Oh, bring us some figgy pudding, oh bring us some figgy pudding, oh bring us some figgy pudding and bring it right here.”

Rehearsing that familiar song for Christmas pageants in elementary school, my friends and I giggled as we sang “piggy pudding,” having no idea what “figgy pudding,” was.

Years later, as my interest in food history and trivia grew, I learned that the correct name is, of course, figgy pudding, even though it contains no figs and bears no resemblance to what we think of as pudding.

According to Debbie Waugh, historic coordinator for Historic Green Spring House in Alexandria, Va., there is considerable Christian symbolism associated with this traditional British Christmas dessert.

The classic dish had 13 ingredients — representing Christ and the 12 apostles, says Waugh. It was served with a sprig of holly on top, symbolizing the crown of thorns.

“The most important part of the Christmas pudding tradition — we pour a bit of brandy over it and set it aflame to great applause." That particular tradition represents the passion of Christ, says Waugh.

Figgy pudding, also known as plum pudding (although it contains no plums) or Christmas pudding is a staple of the British holiday table. “Plum”was a pre-Victorian generic term for any type of dried fruit, but most specifically, raisins, according to Waugh. So it would not be unusual for a firm, round steamed cake full of raisins, currants and brandy to have “plum” in its name. “Pudding” in Britain is the  sweet, final course of a meal, in other words, dessert,  not  the creamy, custardy treat Americans associate with the word.

You may be familiar with a passage in Charles Dickens’ 1843 book “A Christmas Carol,” in which Mrs. Cratchit emerged from the kitchen, “flushed, but smiling proudly — with the pudding, like a speckled cannon-ball, so hard and firm, blazing in half of half-a-quartern of ignited brandy and bedight with Christmas holly stuck into the top.”

By the 19th century, “Stir-Up” Sunday, the first Sunday before Advent, had become the day designated for British cooks to prepare their figgy pudding.

Entire families helped, with each member giving the mixture a stir and hoping for good luck. The puddings were then boiled for several hours and then stored for a month or so to allow their spices to develop.

I considered including one of the many recipes I found for figgy, plum or Christmas pudding in today’s column, but they are so labor-intensive and time-consuming I thought better of it.

I did, however, find another traditional holiday recipe that has similar flavors but doesn’t require special equipment or too much time.

Sugarplums

½ cup pitted dates, coarsely chopped

½ cup toasted walnuts, coarsely chopped

¼ cup dried cranberries

¼ cup prunes, coarsely chopped

¼ cup toasted, skinned hazelnuts, finely chopped

2 tablespoons cherry preserves

½ teaspoon ground cinnamon

1/8 teaspoon ground cloves

½ cup granulated sugar

Place chopped dates, prunes, cranberries, hazelnuts and walnuts in a food processor.

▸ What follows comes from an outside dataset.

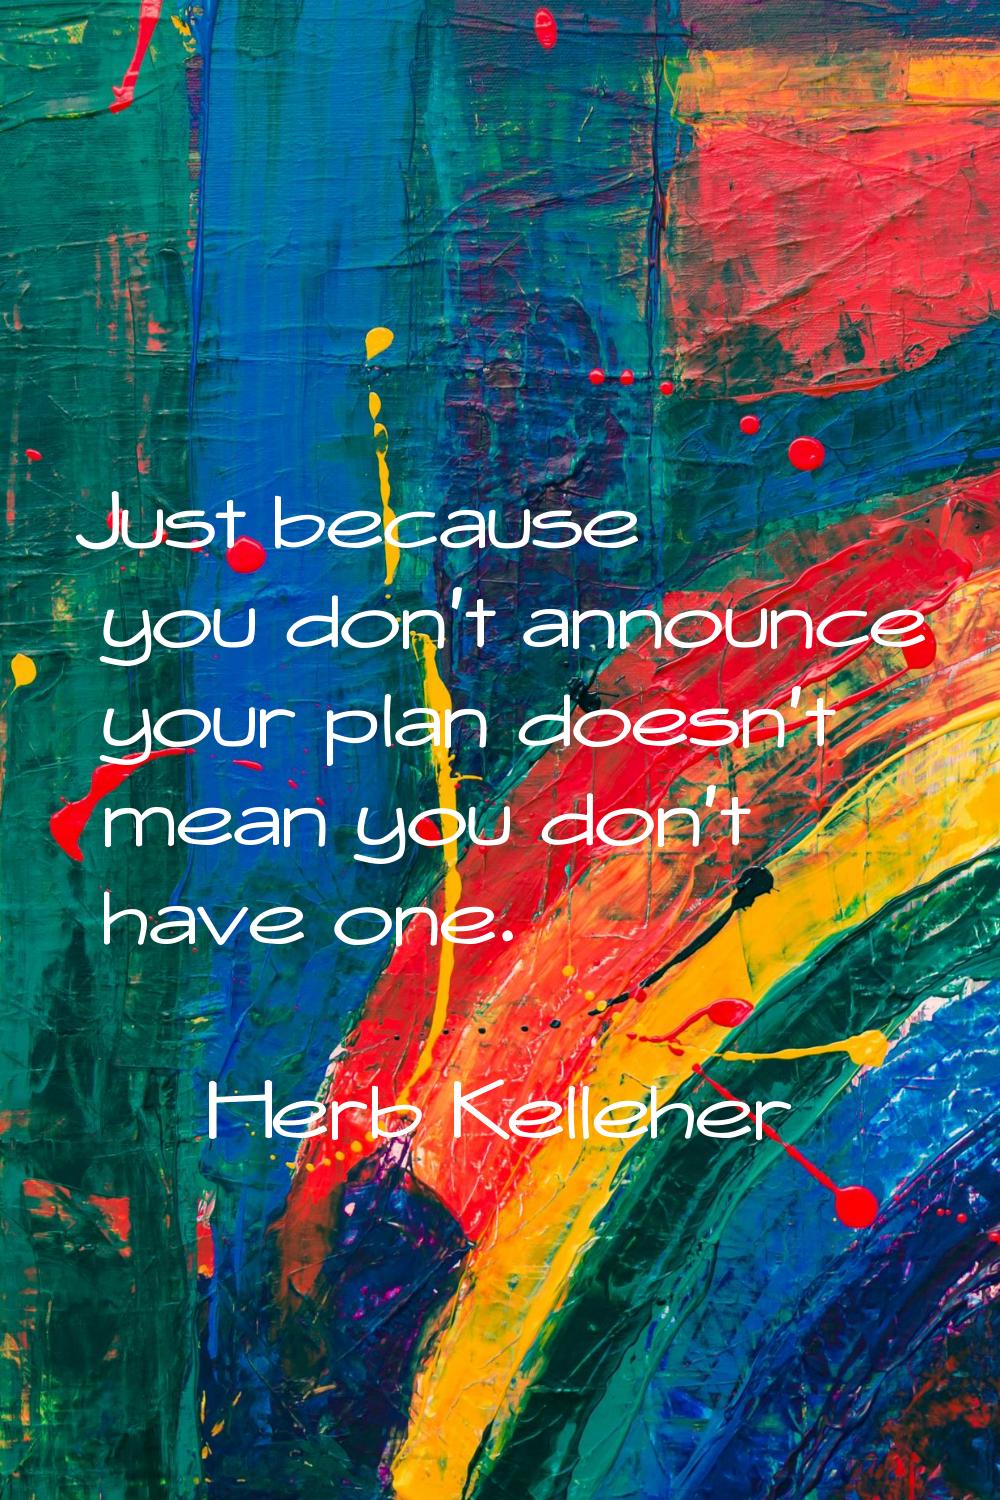 Just because you don't announce your plan doesn't mean you don't have one.

Pulse a few times. Add cherry preserves, cinnamon and cloves; pulse several more times until mixture begins to come together. It should retain its coarse texture but hold its shape when you squeeze it between your fingers. Don’t over process into a sticky paste.

Roll into 1-inch balls and roll the balls in the granulated sugar until they are fully coated.

Store finished sugarplums in an airtight container between layers of waxed paper until ready to serve.

Store refrigerated for up to 1 month. To serve, place in decorative or metallic candy cups, arrange or stack on a plate or add to a plate of cookies.

It is not apparent that there are nuts in the sugarplums, so it would be a good idea to include a label telling what kind of nuts are in them.